Docker Docker Docker!

With the release of Windows Server 2016 came Windows Containers. This is not Docker-For-Windows which is still using a Linux based operating system to run containers, but running containers on Windows with a Windows kernel.

As a bit of an excuse to dive into this new technology from Microsoft, I decided to try running the Neo4j Graph Database within a Windows Container. Neo4j already release official docker based images but as yet, there are no Windows based containers available.

Disclaimer - This is my first real attempt at using containers so what I created should only be considered Proof-of-Concept quality

So what are Windows Containers?

Windows Containers are just like their Linux based Containers, but run on Windows kernel.

What are Containers?

They are an isolated, resource controlled, and portable operating environment.

Basically, a container is an isolated place where an application can run without affecting the rest of the system and without the system affecting the application. Containers are the next evolution in virtualization.
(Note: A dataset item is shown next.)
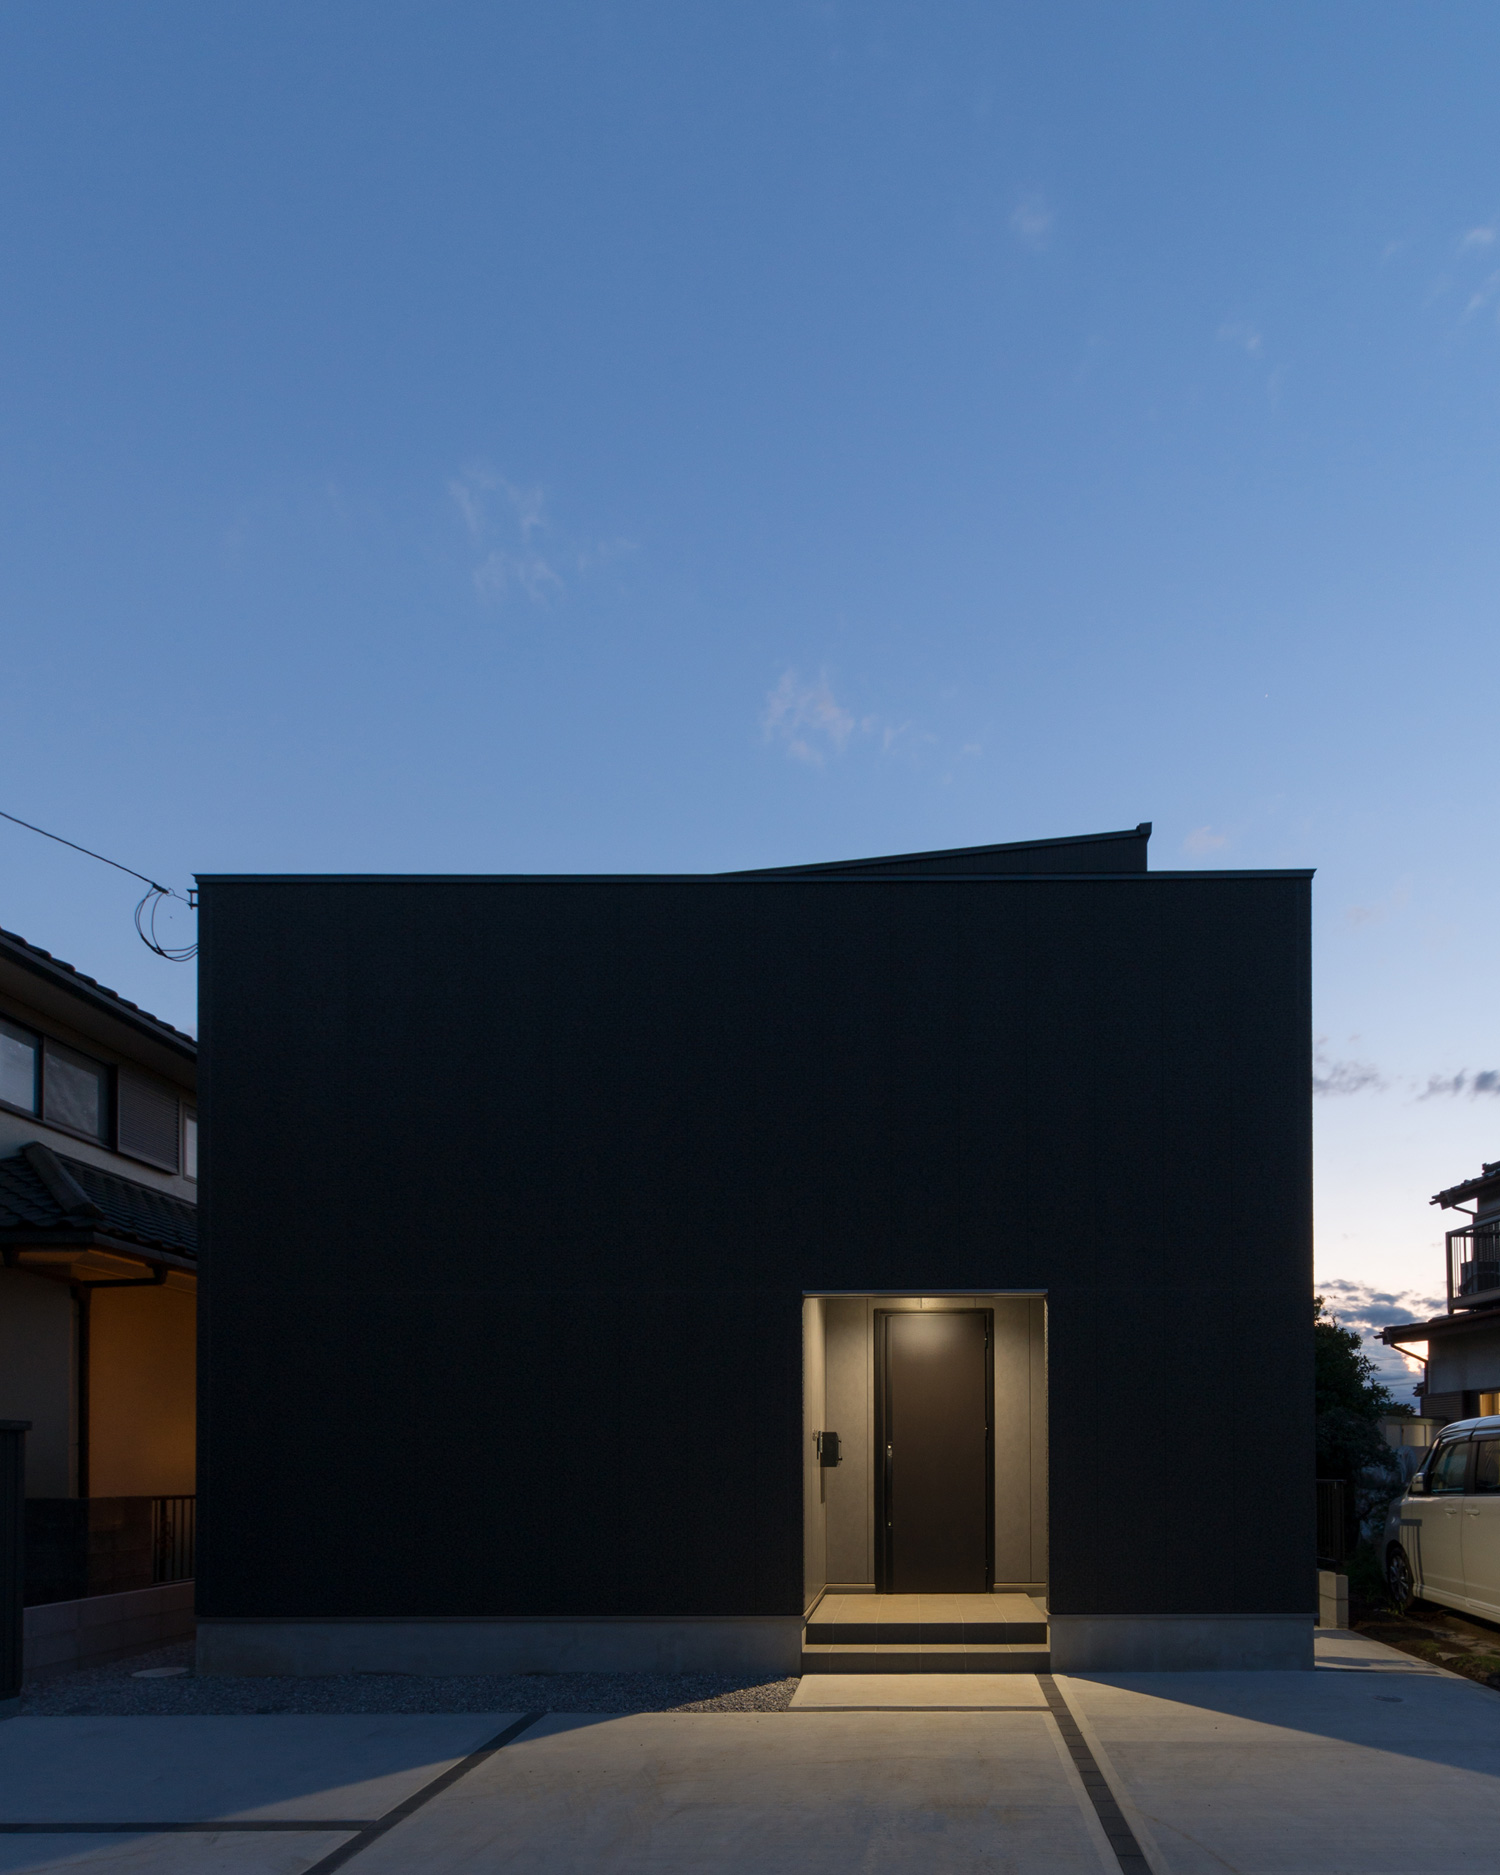 玄関が照明に照らされた黒いキューブ状の外観の住まい・デザイン住宅

If you were inside a container, it would look very much like you were inside a freshly installed physical computer or a virtual machine. And, to Docker, a Windows Server Container can be managed in the same way as any other container.

Source - Windows Containers

High level steps

  • Install Windows Containers

  • Create a container for Neo4j (Enterprise v3.0.6)
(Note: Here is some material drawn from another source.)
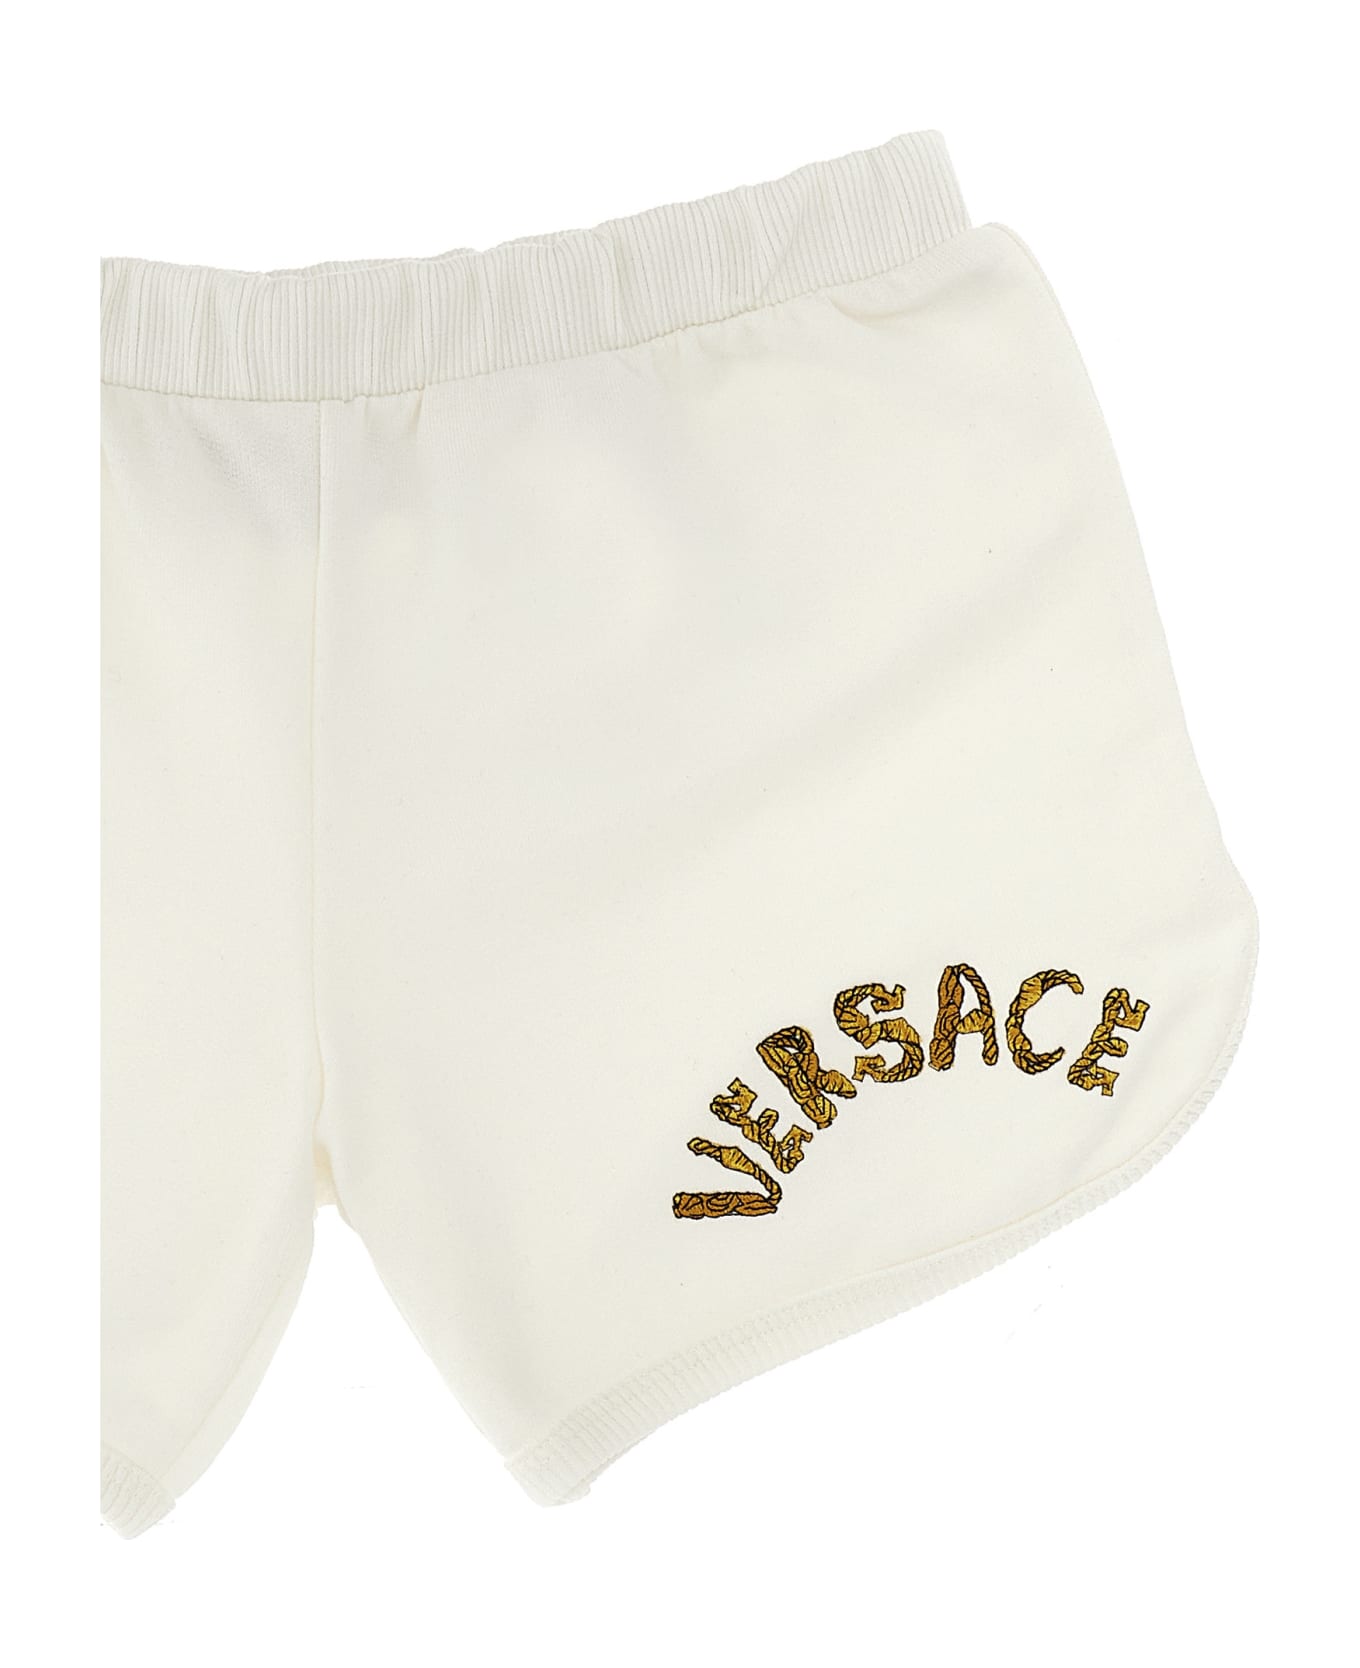 Versace La Vacanza Logo Embroidery Capsule Shorts - White

  • Create a three node cluster of Neo4j containers

All source code for this blog is available at;

https://github.com/glennsarti/code-glennsarti.github.io/tree/master/neo4j-windows-containers

Install Windows Containers

I tried installing Windows Containers on my local Windows 10 laptop, but given I already use a Beta version of the Docker for Windows application, I decided to go the less risky route of quickly creating a Server 2016 VM on my laptop using Hyper-V. Once I had a VM I merely followed the installation instructions by Microsoft at https://msdn.microsoft.com/en-us/virtualization/windowscontainers/deployment/deployment.

My Hyper-V internal network uses 192.168.200.0/24 for it’s address. You will see this throughout the examples below. The Server 2016 VM was given an IP Address of 192.168.200.50

I could then use the docker client on my laptop to access the docker host in the VM simply by setting the environment variable before doing any docker calls.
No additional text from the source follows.